Week in Review & Preview:
Just when you thought the market couldn't get any higher, it went full "Top Gun: Maverick" and soared to new altitudes. The S&P 500 and Nasdaq both hit record highs this week, fueled by a potent cocktail of AI enthusiasm and unwavering faith in a September rate cut. As we head into a pivotal week with the Fed's policy decision on deck, the market is holding its breath, hoping the central bank doesn't eject them from this thrilling ride.
Last Week's Market Review
The market put on a show this week, with the S&P 500 and Nasdaq looking like they were directed by Christopher Nolan—complex, thrilling, and reaching for the stars. The S&P 500 closed the week at a stunning 6,584.29, marking a 1.79% weekly gain and setting a new record. Bitcoin, not to be outdone, rallied to close near $116,000, its strongest performance in three weeks, fueled by a surge in ETF inflows. Meanwhile, the 10-year Treasury yield held steady around 4.06%, a sign that while investors are optimistic, they're still keeping a close eye on the Fed's next move. It was a week of impressive gains, but like any good blockbuster, it left us with a cliffhanger for the sequel: the Fed's decision next week.

News Headlines & Market Impacts
Oracle and OpenAI Sign Historic $300 Billion Cloud Deal (September 9): Oracle sent shockwaves through the tech world by announcing a monumental $300 billion cloud computing deal with OpenAI. This landmark agreement, one of the largest in history, positions Oracle as a major player in the AI infrastructure boom. The news sent Oracle's stock soaring and underscored the immense capital investment flowing into artificial intelligence, boosting sentiment across the entire tech sector.

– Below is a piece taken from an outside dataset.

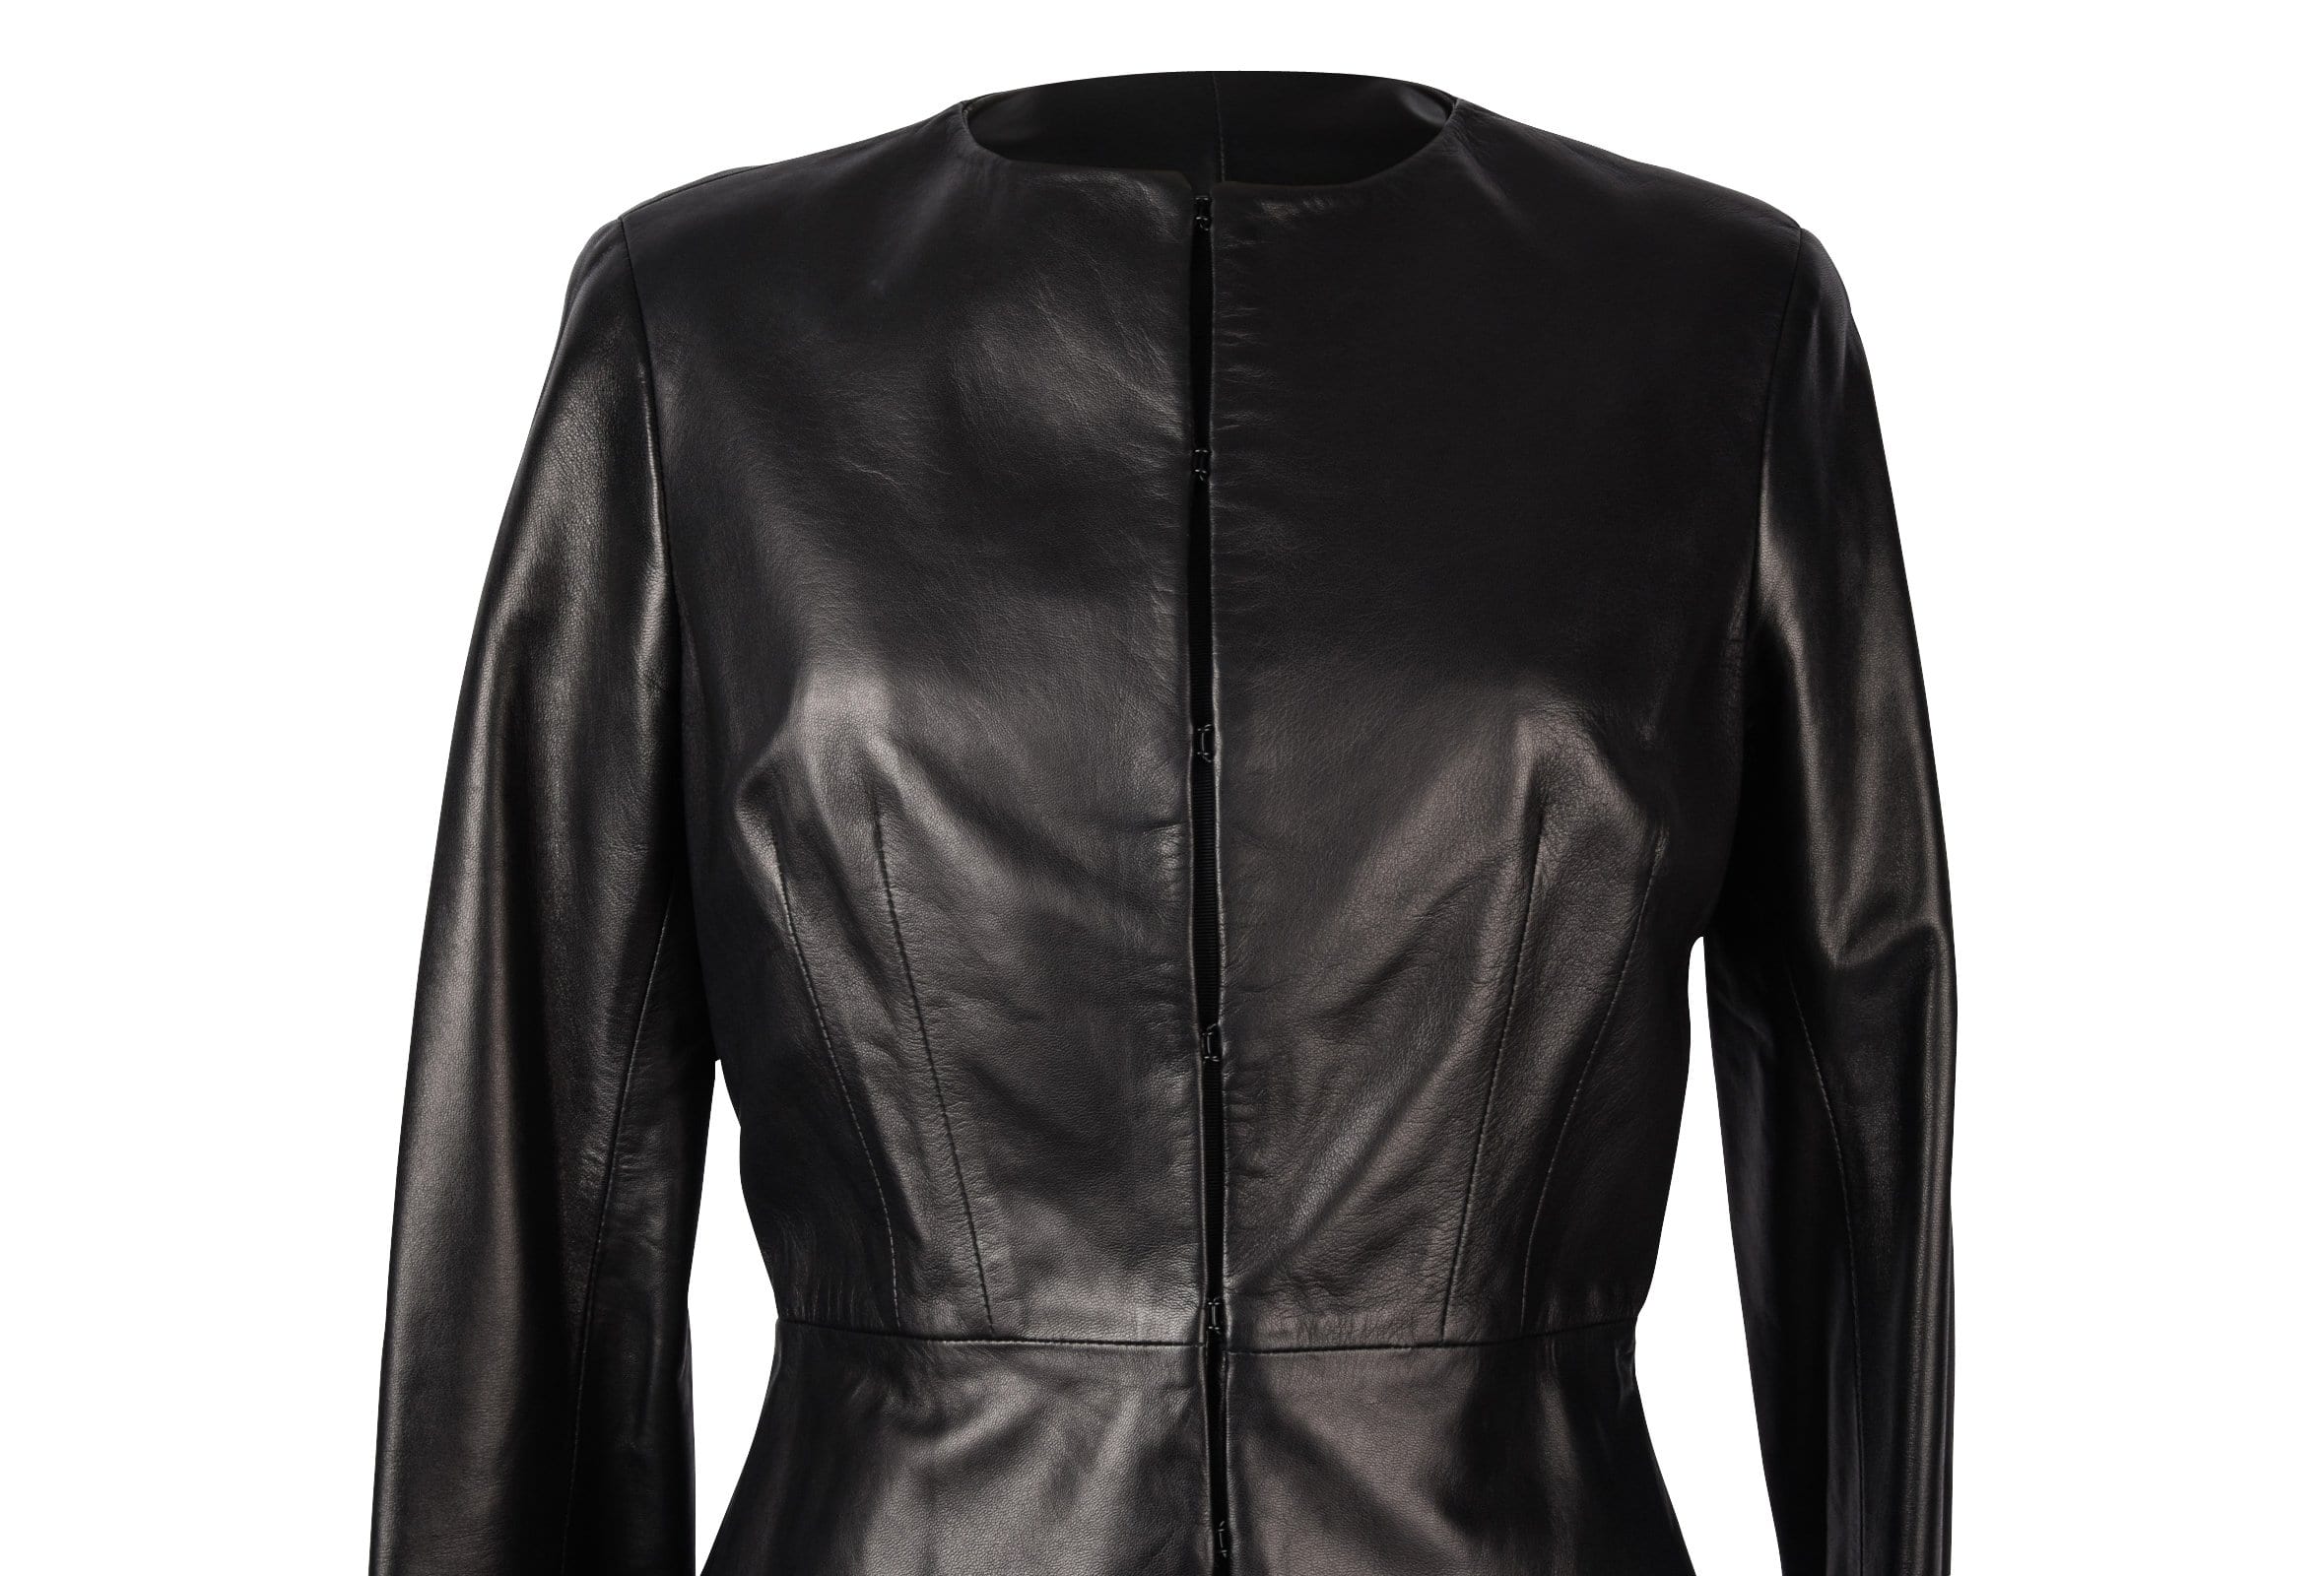 Carolina Herrera Jacket Peplum Black Lambskin Leather Feather Light 8 mint - mightychic

Paramount Skydance Prepares Bid for Warner Bros. Discovery (September 11): In a move that could reshape the media landscape, Paramount Skydance announced it is preparing a bid to acquire Warner Bros. Discovery. The news caused Warner Bros. Discovery's stock to spike by an astonishing 29% in intraday trading. This potential mega-merger signals a new wave of consolidation in the entertainment industry, as major players seek to scale up to compete in the streaming wars.
Synopsys Stock Plummets on Earnings Miss (September 9): Chip design software firm Synopsys saw its stock plummet 34% after reporting disappointing third-quarter earnings. The company missed both revenue and earnings-per-share estimates, citing weakness in its Design IP business and the impact of ongoing US-China trade tensions. This sharp decline served as a stark reminder of the geopolitical risks and supply chain vulnerabilities facing the semiconductor industry.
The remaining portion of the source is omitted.